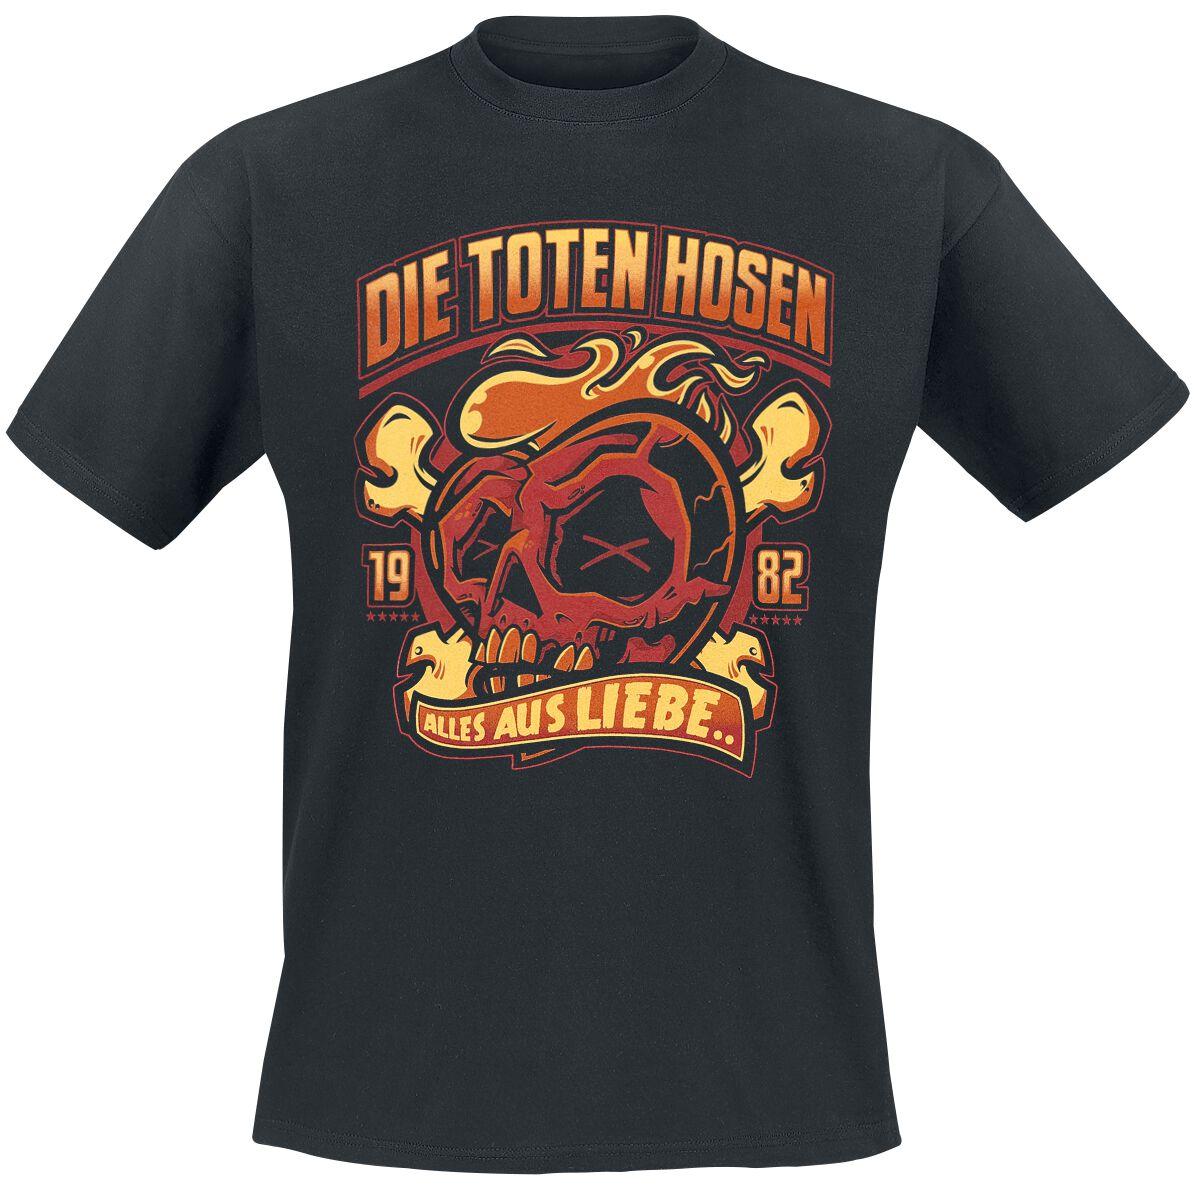 Die Toten Hosen Alles aus Liebe T-Shirt schwarz
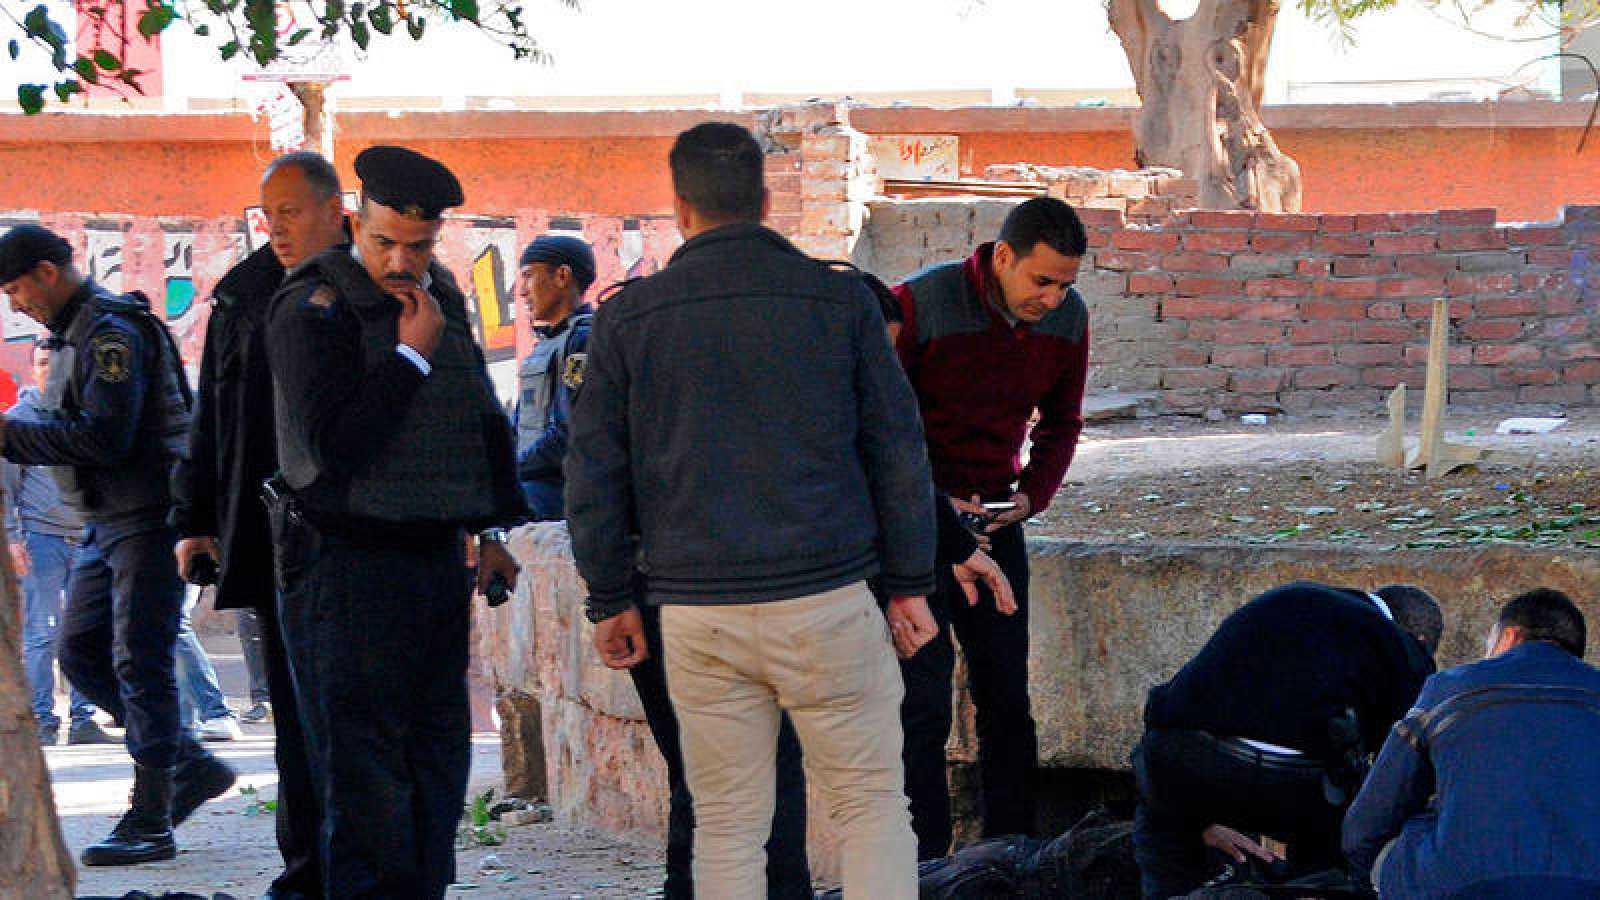 Las autoridades trabajan en el lugar del atentado en el barrio de Al Talebiya, en El Cairo
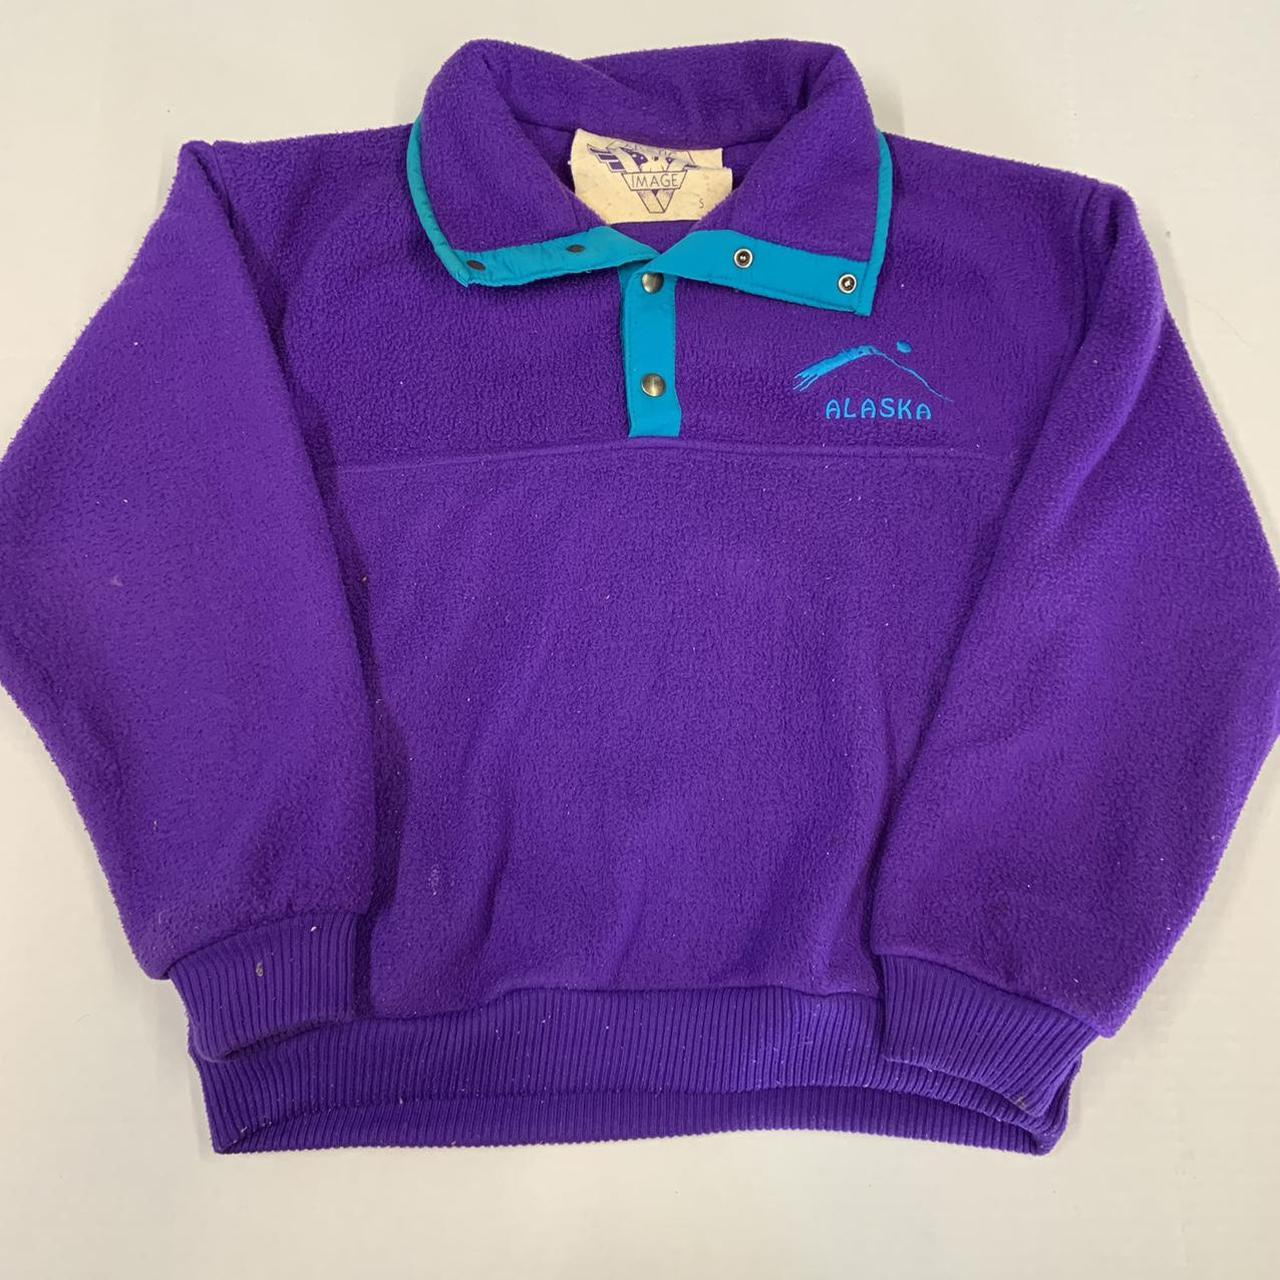 Product Image 1 - Vintage 80s/90s Purple Embroidered Alaska

# [EXERCISE GOAL]
From the first line to the last, retype the data exactly, without images.

# [SOLUTION TO THE EXERCISE]
 Die Toten Hosen Alles aus Liebe T-Shirt schwarz
 Las autoridades trabajan en el lugar del atentado en el barrio de Al Talebiya, en El Cairo
 Product Image 1 - Vintage 80s/90s Purple Embroidered Alaska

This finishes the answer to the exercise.